Option 1 - Data refresh:  refresh data after/before every test.
...from a copy of the baseline data somewhere.
Really impossible due to performance. If you think not, let me know how.

Option 2 - Data Re-initialize: every test case clean up it's data in
tearDown()
Pointed out by David Roussel also.
That's one of the strategy we use. Works well but you got to be carefull
writing your cleanup code.
Impossible to use if you are changing stable data rows: only work if just
just add rows.

Option 3 - use mock objects to fake the DB.
Dicussed in the mailing list archives.
When you want to test DB code, (SQL, transactions, etc), does not really
apply since you fake the part you want to test.
Only applies if the actual DB is outside the "unit" under test, which isnot
always the case.

Option 4 - Data Reset: reverse the changes via some generic black-magic
after every test.
The dream! Fast, efficient, generic! :)
I've spent some time trying to find a neat DB trick do to that one. Never
really got the time to find a complete solution and implement it.

4a) Journalling
Use some sort of journalling provided by the database to replay in backward
direction all the changes made. Is this even possible/supported?

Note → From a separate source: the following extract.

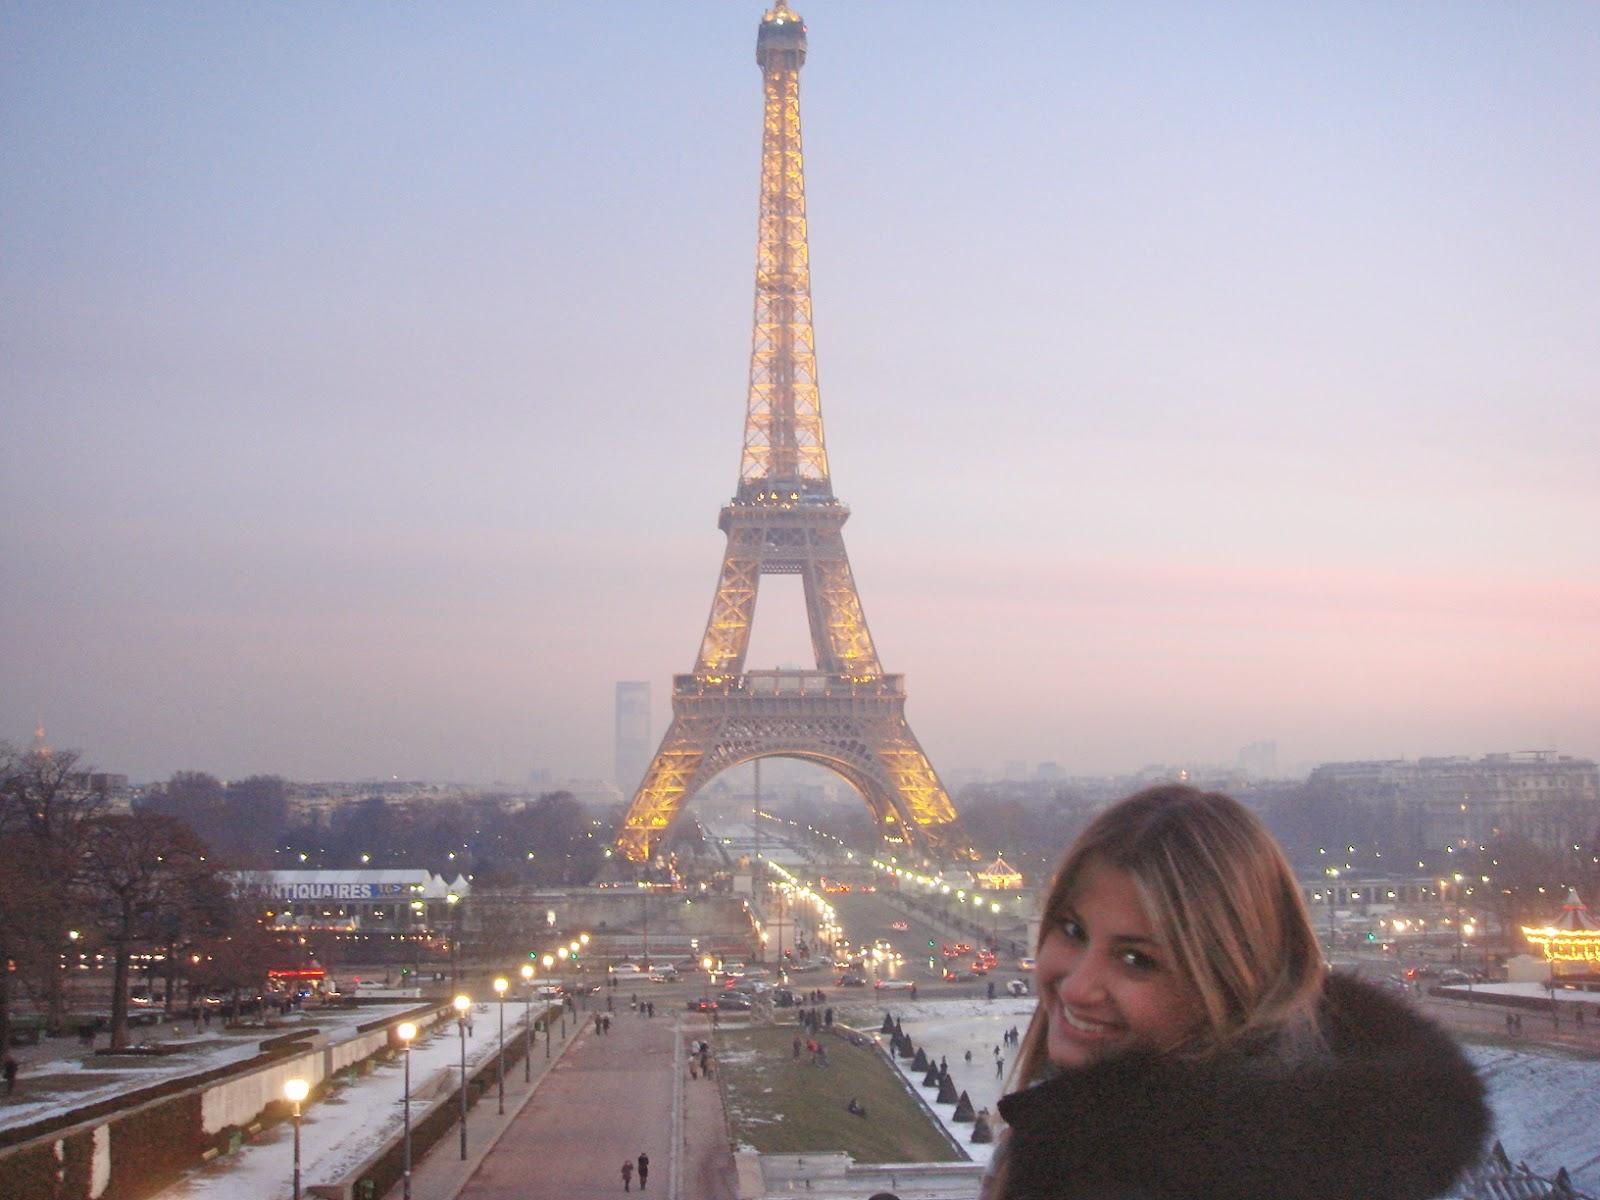 mulheres que viajam sozinhas lala rebelo paris
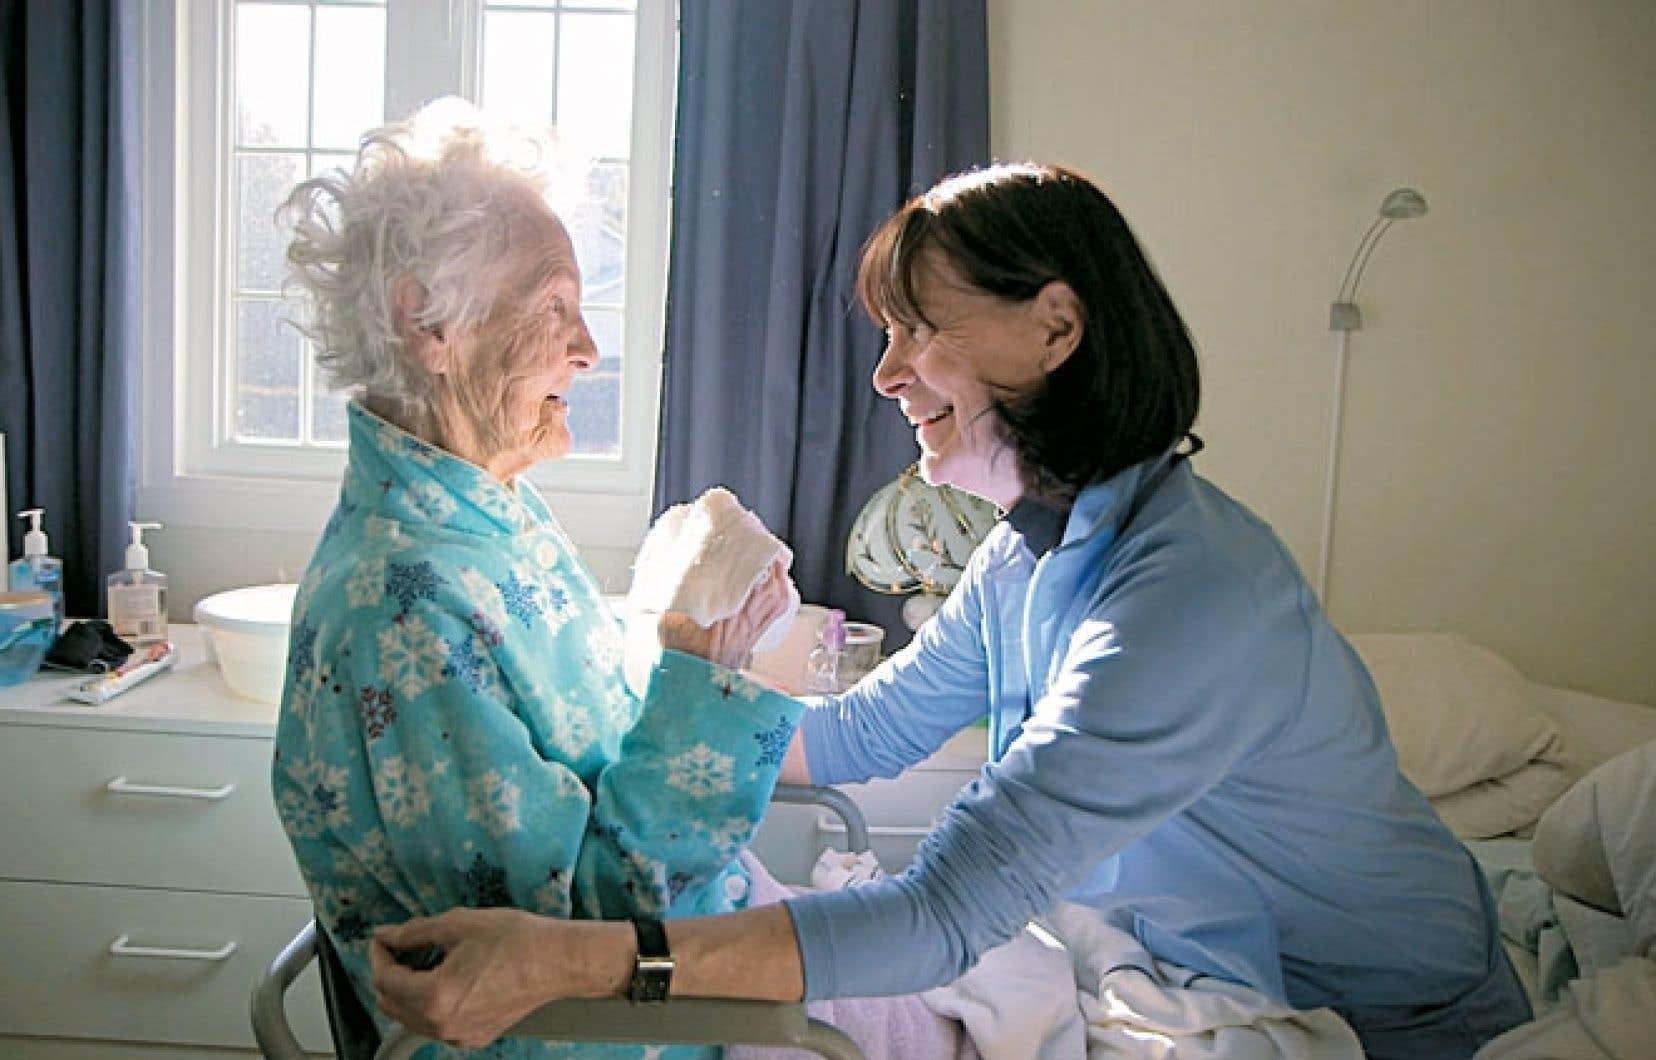 Le film de Caroline Vadeboncoeur et Sylvie Rosenthal est le cri du coeur des proches aidants pour un soutien concret. Sur la photo, Louise prend soin de sa mère Thérèse.

4b) DB tricks, triggers and al.
You need a DB that is a copy of your baseline stable data. (Might be in the
same DB, but with table names prefixed with 'STBL'(stable)).
(You could use 'create table like' to ease making baseline table with the
same structure.)

Every table as a flag column name BASELINE to keep track of what happens to
the line. For your baseline data, set the flag to 'Y'(es).
Default on insert for this column in 'N' (New, Not part of baseline). A
trigger on update changes the flag to 'U'(updated).
A trigger on delete (only effective on a row marked 'Y' or 'U')  marks the
corresponding row in the baseline copy with 'D'(deleted)

After a test:
-drop all lines with 'N',
-if a line is U, refresh it from the baseline copy. (resetting the flag to
'Y').
-Add all the rows marked 'D' in the baseline copy to the working copy.

Daily or weekly, refresh from scratch your working copy from the baseline
copy. Do this also if a test case fail and it should really worked and you
suspects the code that revert changes to have somehow failed.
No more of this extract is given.